Zwischen Musik hören, Sport treiben und Einkaufen gehen 

Geht es um die Bedeutung des Freizeitvergnügens, so zeigt die Studie doch ein paar Unterschiede auf: 73 Prozent der Befragten würden etwa beim Lesen, beim Musikhören oder Fernsehen ihren Ausgleich finden, während 55 Prozent der Befragten angegeben hat, man sei lieber aktiv unterwegs. 53 Prozent legen besonders viel Wert auf Gesundheit und Fitness – die Babyboomer (61 Prozent) sind sogar noch sportbegeisterter als die Generation Z (58 Prozent). 

Jedoch hat auch das Zocken einen wichtigen Platz eingenommen, wenn es um die Gestaltung der Freizeit geht. Dabei spielt es eigentlich keine Rolle, ob anal oder digital. 38 Prozent haben angegeben, sie greifen gerne zu Gesellschaftsspielen – dazu gehören die klassischen Karten- sowie auch Brettspiele.
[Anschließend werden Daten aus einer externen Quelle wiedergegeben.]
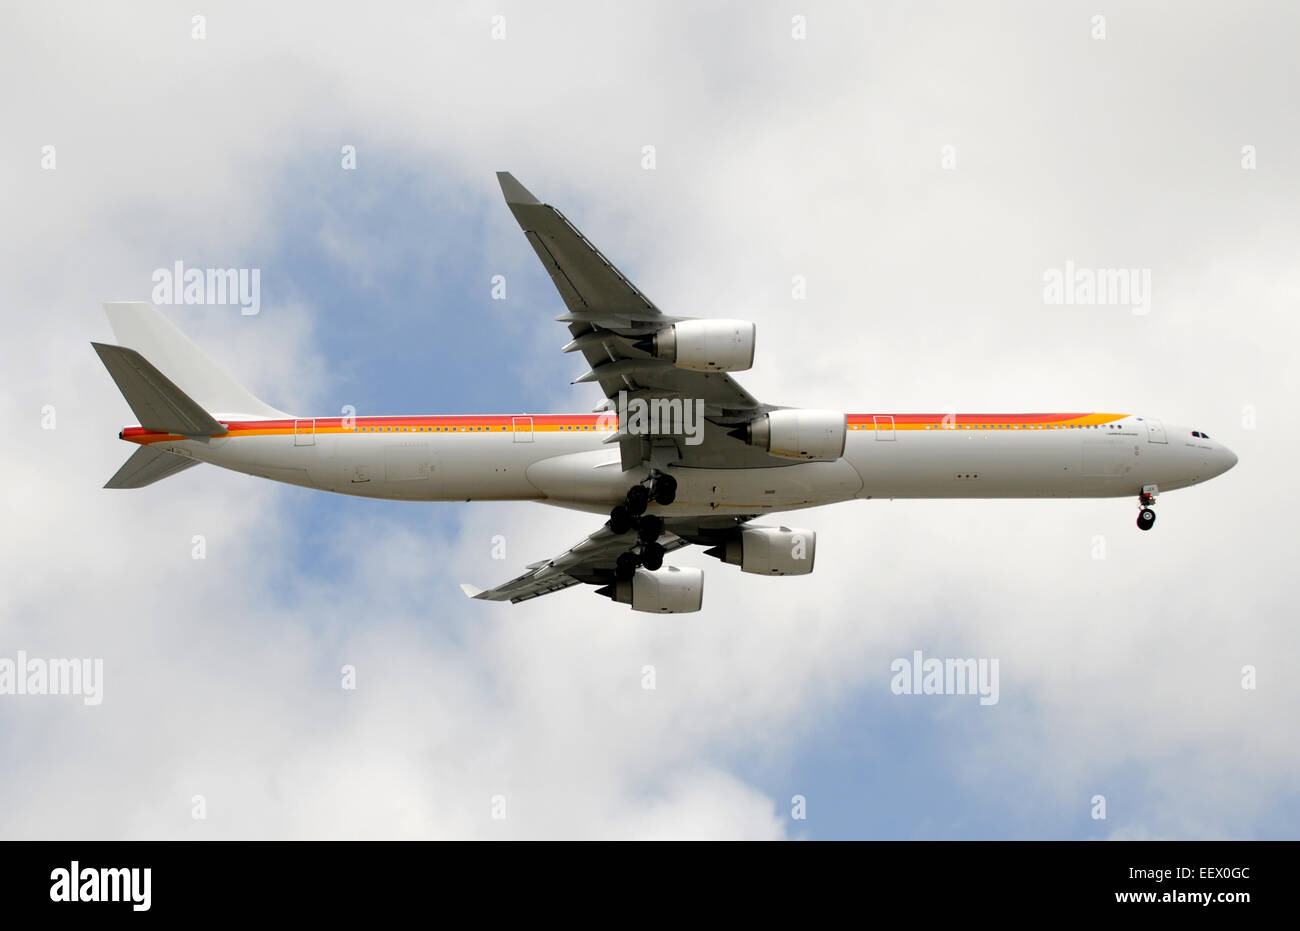 Modern passenger jet airplane in mid flight Airbus A-340 Stock Photo

Hingegen haben 36 Prozent angegeben, sie würden vermehrt im Internet spielen oder mit dem Handy zocken. 26 Prozent der Babyboomer haben ebenfalls angegeben, im Internet oder am Handy zu spielen. 

Sich vom stressigen Alltag im Shopping Center erholen? Ein Drittel hat angegeben, sie würden hier einen Ausgleich finden, wenn sie durch die Läden bummeln würden. 38 Prozent gehen dabei gerne in den Buchhandel; hier schätzt man vor allem das umfangreiche Angebot von Kreativ- und Schreibbedarf, bis zu Spielen oder auch Geschenkideen. 

50 Prozent der Befragten hätten gerne mehr Zeit für ihre Hobbys

Die Studienergebnisse zeigen, dass die Österreicher:innen trotz der wirtschaftlichen Anspannung auf nichts verzichten, aber beim Einkaufen bewusst auf den Preis schauen”, so Walter Lukner, der Geschäftsführer von Payback Österreich. Laut der Umfrage setzt mehr als die Hälfte der Befragten, 55 Prozent, auf Rabatte, Coupons oder Gutscheine, damit im Rahmen der Freizeitaktivitäten Geld gespart werden kann. 

Die Umfrage hat aber auch gezeigt, dass es vielen Teilnehmern an Zeit fehlt: Die Arbeit, familiäre Pflichten oder auch Termine sind die Hauptgründe, wieso weniger Freizeit bleibt und somit das Hobby nicht wie gewünscht ausgeübt werden kann. 50 Prozent haben angegeben, sie hätten lieber etwas mehr Zeit, um ihrem Hobby nachgehen zu können.